Demographics. The Baby Boomer era 1946 to 1964 when the birth rates were high, The 1952 set came out when the baby boomers were 6 years old. The number of births per year fell every year from 1965 to 1977. In 1976 - The 11, 12, 13 year olds were the end of the baby boomers. As I mentioned before by 1976, I was basically the only one in the neighborhood collecting - there was no one to trade with (and come to think of it, I was one of the younger kids, there was a kid around 11 but I don't remember any kids in the neighbor between 5 to 10 years at the time. In fact, I can only remember when I was 17, a 4 year-old girl who lived down the street and she had to have been born in the late 1970s so I really believe that declining birth rate was true.

In 1979, 1980, 1981 there were a hell of a lot less 11/12/13 year-olds collecting cards than there were 5 to 10 years before. 

These heritage sets are about nostalgia - which the coming design years would have less adults who collected them as kids. 

Part of the reason I never really sought the heritages (the biggest reason was cost of short prints), was I did not collect them as a kid and they did not have the hold on me (though I love looking at cards from the 1950s and 1960s).

Back to Demographics - if I remember correctly the number of births increased each year from 1978 to 1989. They fell in 1990s (beginning with the terrible GDP years in 1990 and 1991) until sometimes in the early 2000s but I am not positive about this. 

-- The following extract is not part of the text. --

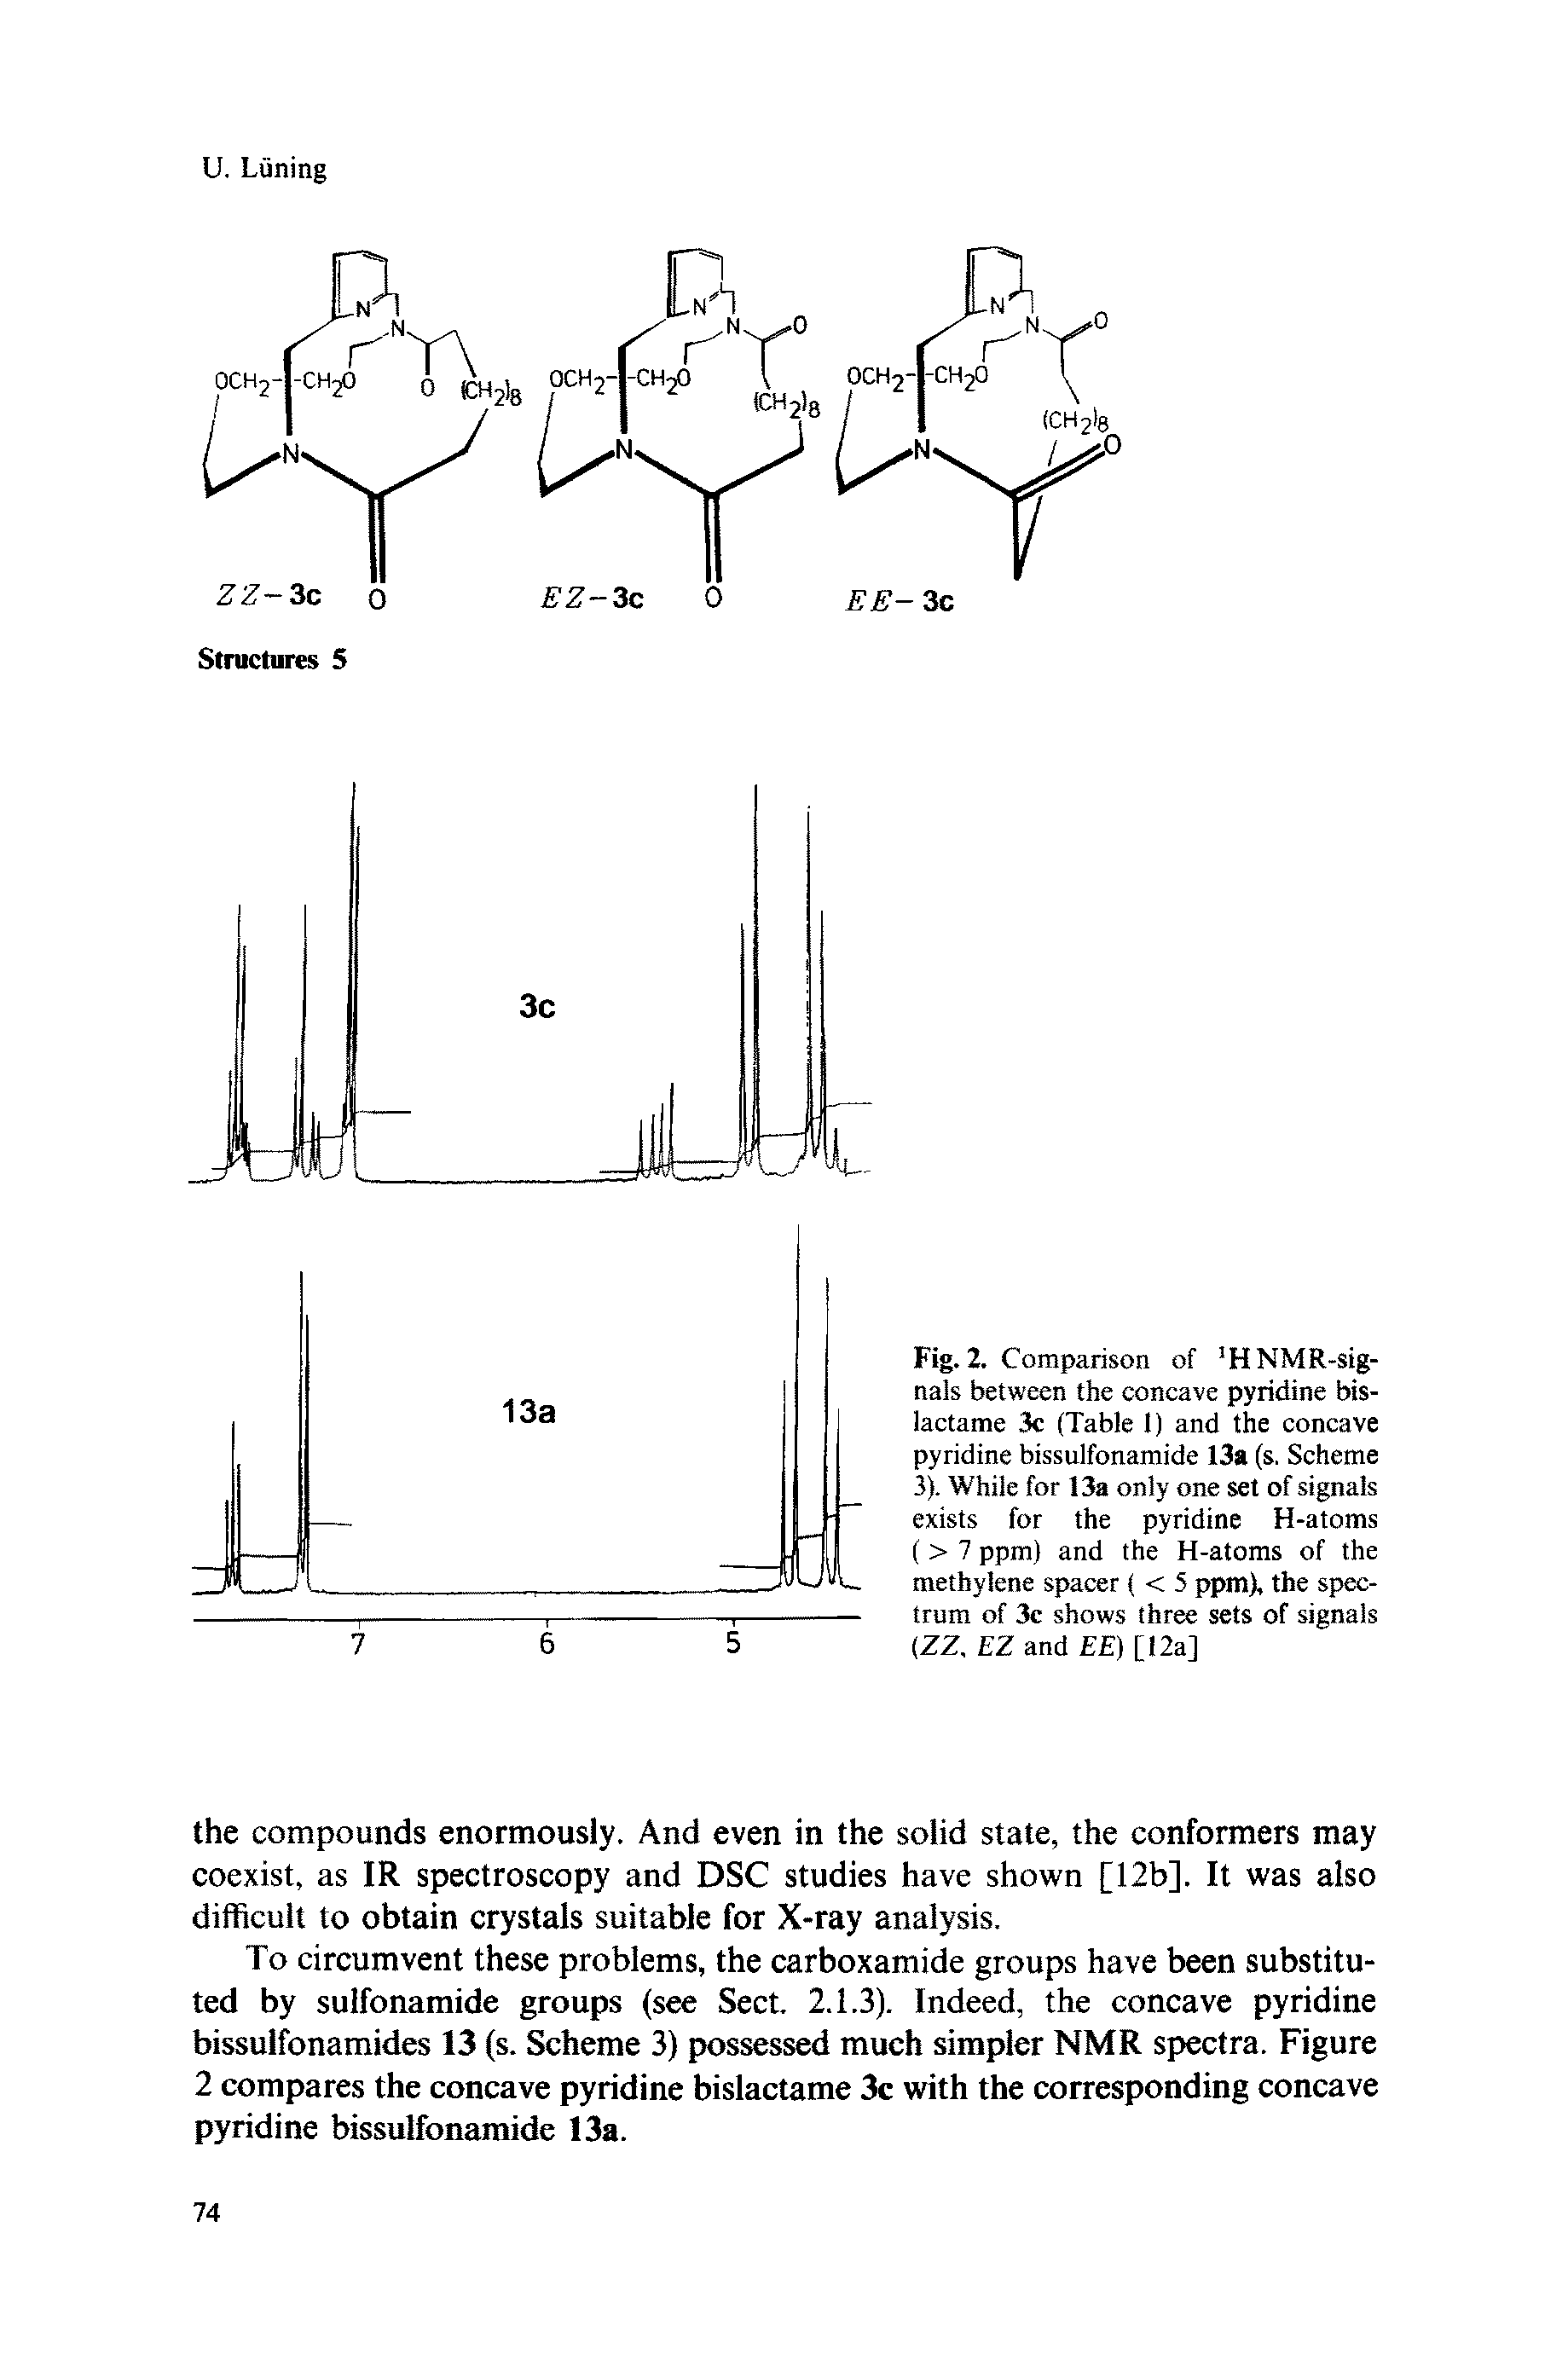 Fig. 2. Comparison of HNMR-sig-nals between the concave pyridine bis-lactame 3c (Table 1) and the concave pyridine bissulfonamide 13a (s. Scheme 3). While for 13a only one set of signals exists for the pyridine H-atoms ( > 7 ppm) and the H-atoms of the methylene spacer ( < 5 ppm), the spectrum of 3e shows three sets of signals (ZZ, EZ and EE) [12a]...

These demographic partly explain the junk wax era. In 1987, those born in those increasing birth rate years would have been 9, and reached 13 in 1991 (which appears to be the age (13) when a lot of kids drop out collecting - I had a 12 year old cousin who completely lost interest in cards after 1989). The junk wax explosion may have also been from some of the Baby Boomers (35-41 years old - stashing cards for their 5 and 6 year olds). 

  This takes me back to the potential upcoming heritage sets - I like the 1977 set, but I really don't care to collect it in modern version form. For some strange reason I would like to see a 1979 version of Heritage. I don't have much emotional attachment to the 1978, 1980, 1981, 1982, 1984, 1985, 1986 sets. 

I would like to see a version of  the 1983 and yes 1987 but that is about it. 

Personally, I can see Topps (Now Fanatics) not continuing this much longer. I think we are getting hints of things to come (see above) and with the Heritage update set coming out almost a year after the release of 2024 Heritage set.   Will there be an update set this year, I did notice the checklist did not really miss any big name players like they did last year. Is there a need for it. The way the rookie card status is manipulated is there a reason to get Nick Kurtz in any of the sets this year (He debuted in end of May) as the rest of the rookie class is really lacking.  

I don't think there is a nostalgia market for us people in our late 50s and early 60s to want to collect the upcoming designs. 

1 comment:

  1. Well, the simple answer is that they'll stop making Heritage when it's no longer profitable. But the upcoming period was a big one for collecting. Baseball cards as a hobby really took off in the '80s and hit a peak in the junk wax era. There's a reason why Topps keeps putting cards based on sets like 1987 and 1989 in flagship as inserts and I'm thinking the years when those come around will be good ones for Heritage. When they reach 1995 they might start to have problems as collecting lost steam after the players' strike. But that's two decades away, and it's hard to say what the market will be like then.

    Sorry to hear that they aren't making Heritage Minors anymore. I've been buying the team issue sets made by Choice for the Mets affiliates (Binghamton and Syracuse) so I guess it's not that big a void, but there are some of those Heritage Minors cards (such as Mark Vientos on the 1969 design and Francisco Álvarez on the 1972) which I absolutely adore. One dealer at the shows around here often has dime boxes with a lot of Heritage Minors and Pro Debut from the mid-teens and it's fun to grab early cards of current players.